Over the past year – after building Nebraska’s largest wind-powered electric generation facility near Ainsworth – the Nebraska Public Power District has received approximately a half dozen proposals from private wind developers interested in building one or more similar- or larger-sized facilities in the state.

Capitalizing on federal tax credits unavailable to public power utilities, the private developers appear to be another alternative as to how Nebraska can take advantage of its position as America’s 6th-ranking state in wind-powered generation potential. Two questions for NPPD, however, have been, “How can public power participate in additional wind-powered generation development, while still protecting electrical rates that are ranked among the ten lowest states in the U.S.?” and “How many wind-powered generation facilities can Nebraska’s existing electrical transmission grid and infrastructure support before it becomes necessary to add or upgrade transmission facilities?”

NPPD’s answer to the first question is to issue a request for proposal (RFP) to all the developers interested in constructing a wind project. By state law, public power districts are charged with providing reliable and dependable energy at the lowest possible cost to customers. NPPD is interested in constructing more wind generation itself, yet the renewable resource has traditionally been a more expensive option for not-for-profit utilities due to the lack of federal and state incentives.

“Private developers can use federal tax incentives to construct the facilities, and we can buy the output – if it is economical for our customers,” said NPPD President and CEO Ron Asche. “We are interested in adding an initial 100 megawatts of wind-powered generation, and incrementally more in the future.”

A request for proposal by NPPD will put the developers on the same competitive playing field and help the utility determine which project or projects will be economically advantageous to customers. The RFP is expected to be issued by mid-July.

As to the question of how many wind-powered generation facilities can be supported on its existing transmission grid, NPPD plans to conduct a “grouped” transmission study of six different areas of the state to make an initial determination of which of those proposed locations are best for connecting new wind powered generation to the electrical grid.
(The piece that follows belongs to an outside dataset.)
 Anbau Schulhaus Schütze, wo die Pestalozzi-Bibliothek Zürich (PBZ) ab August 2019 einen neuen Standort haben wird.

The study will look at thermal limits, equipment upgrades required, and if the integrity of the electrical grid could be impacted when intermittent power is injected into the system at each of the proposed interconnection points.

“Conducting the grouped study will determine which of the six areas have adequate transmission line capacity that can support further wind-powered generation development and expedite the overall evaluation process,” said NPPD President and CEO Ron Asche.
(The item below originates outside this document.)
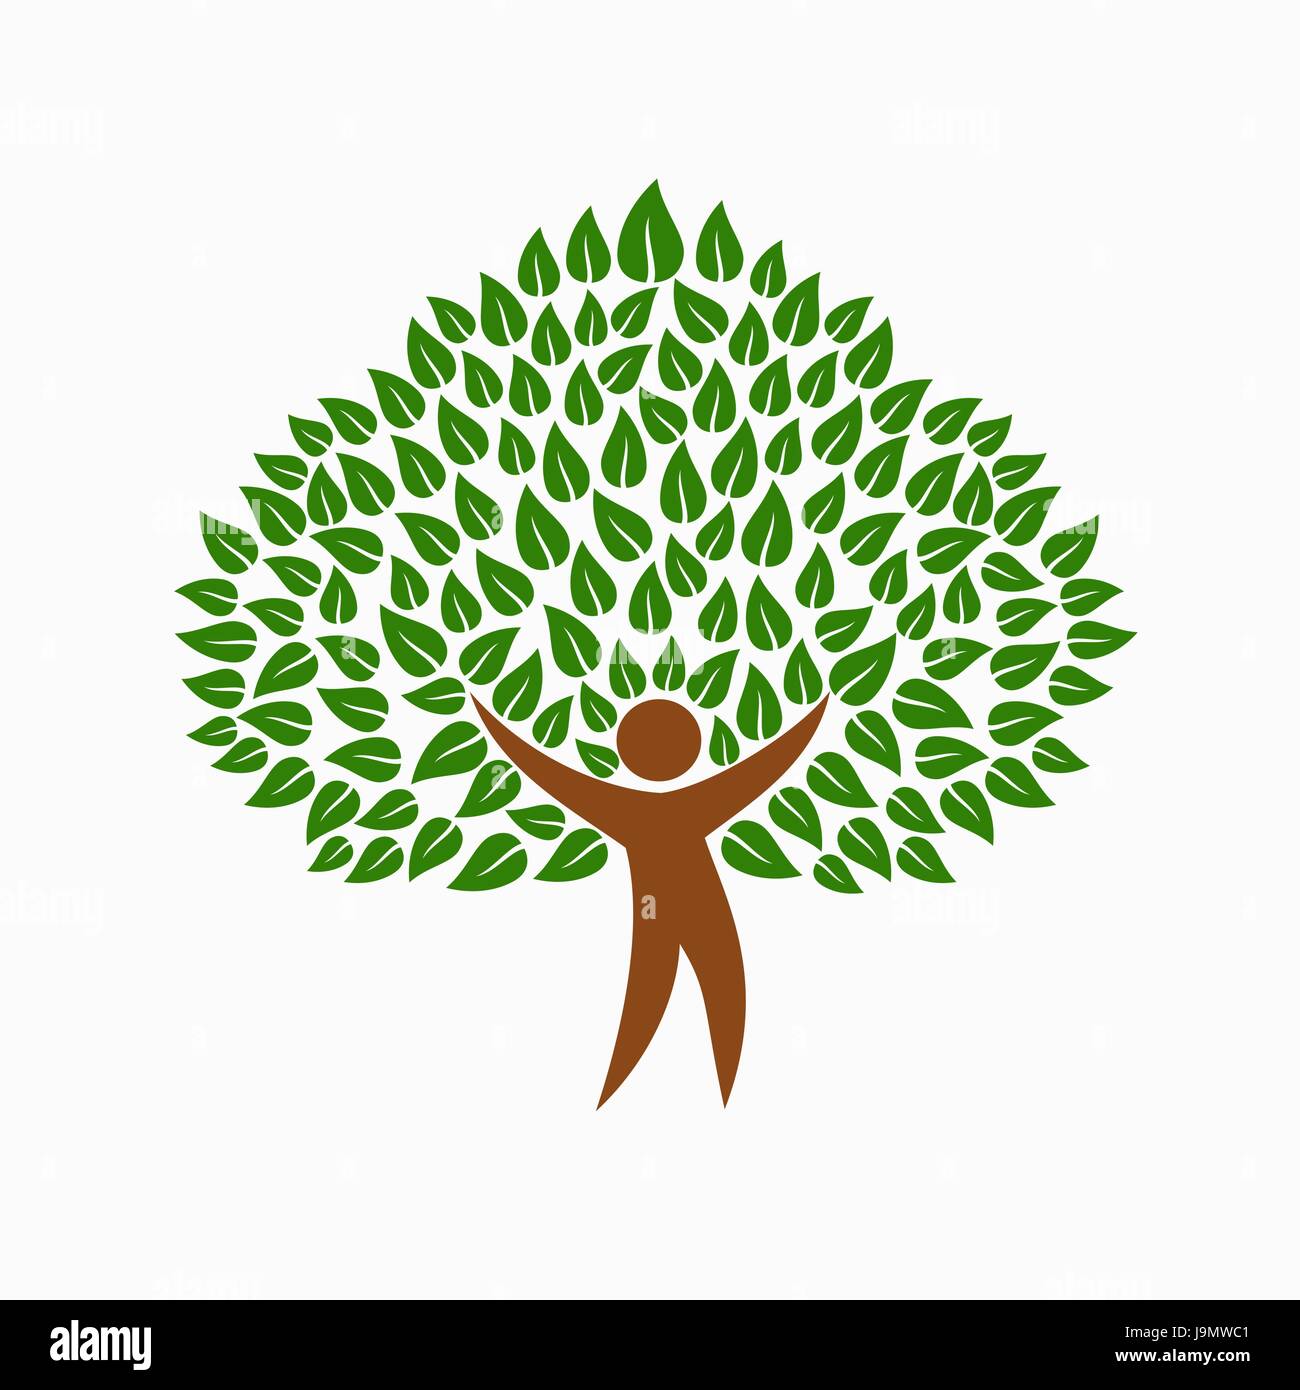 Grüner Baum-Symbol mit menschliche Silhouette. Konzept-Illustration für Umwelt Hilfe Projekt oder Natur Pflege. EPS10 Vektor. Stock Vektor

Based upon the six different locations, the grouped study will take approximately three months to complete. The areas studied would include all of those locations for which requests from private developers have been made for transmission interconnection to NPPD’s electrical grid.

Once the best interconnection location(s) is determined and the RFP process complete, NPPD can work with the selected private developer(s) to conduct more detailed transmission studies to ensure the infrastructure and the power lines can accommodate the specific requirements of the selected project(s).
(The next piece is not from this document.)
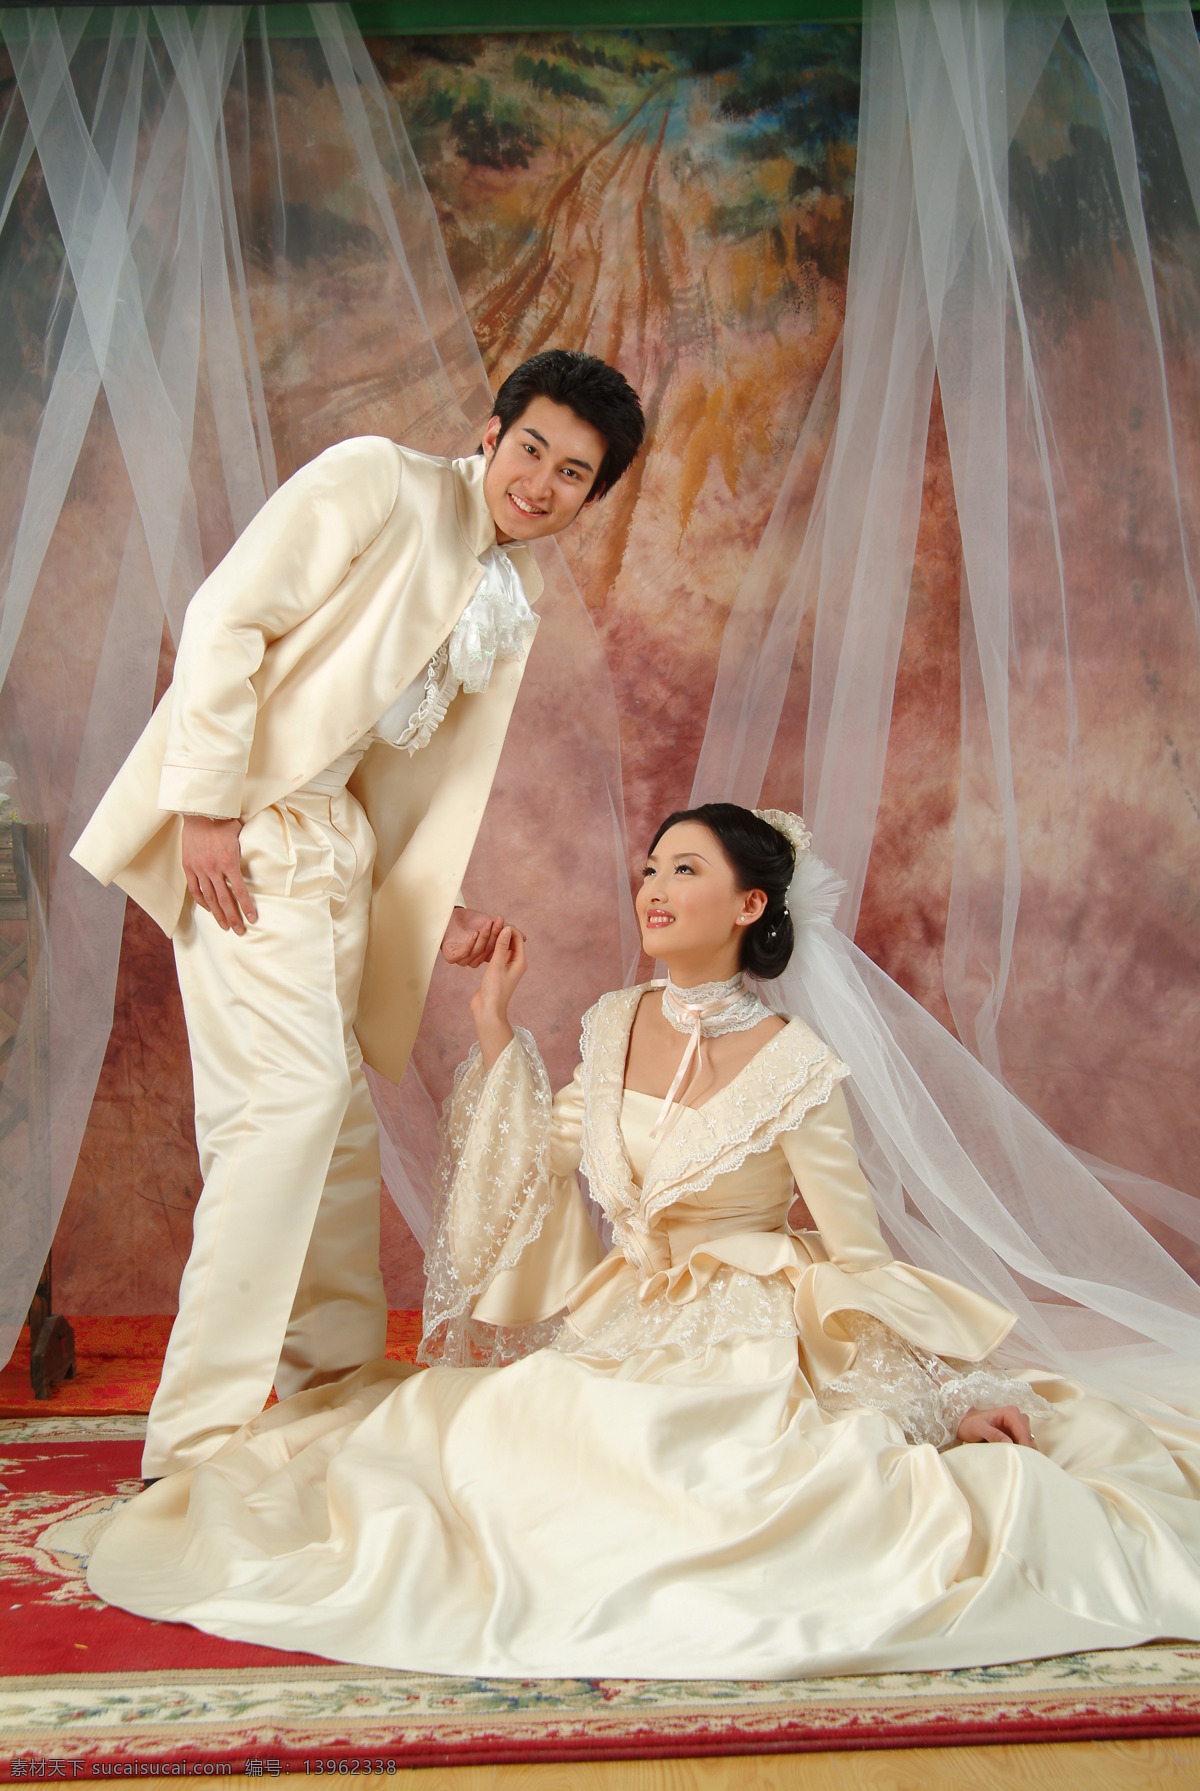 香港写真 婚纱照 美女 新娘 新郎 红地毯 花朵 笑容 西装 婚纱摄影 香港 婚纱 二 人物摄影 人物图库

Prior to building the Ainsworth Wind Energy Facility, NPPD conducted the necessary transmission studies and determined the existing infrastructure in the Ainsworth area could handle no more than 75 megawatts of wind-powered generation. The 60-megawatt facility generates 32 megawatts for NPPD’s wholesale and retail customers and the remaining output is divided among four other public power utilities via participation agreements. NPPD is investigating the costs associated with building the Ainsworth site out to its full capacity, along with adding an initial 100 megawatts at another location(s) through the request for proposal process with private developers.

“NPPD looks forward to exploring wind-powered generation opportunities with developers, while also constructing more generation ourselves,” said Asche. “We feel a request for proposal process will jump start the wind-powered generation development many want to see in this state, while managing the infrastructure investments needed to incorporate even more wind power into Nebraska’s future generation mix.”

McCook Daily Gazette

29 May 2007

This article is the work of the source indicated. Any opinions expressed in it are not necessarily those of National Wind Watch.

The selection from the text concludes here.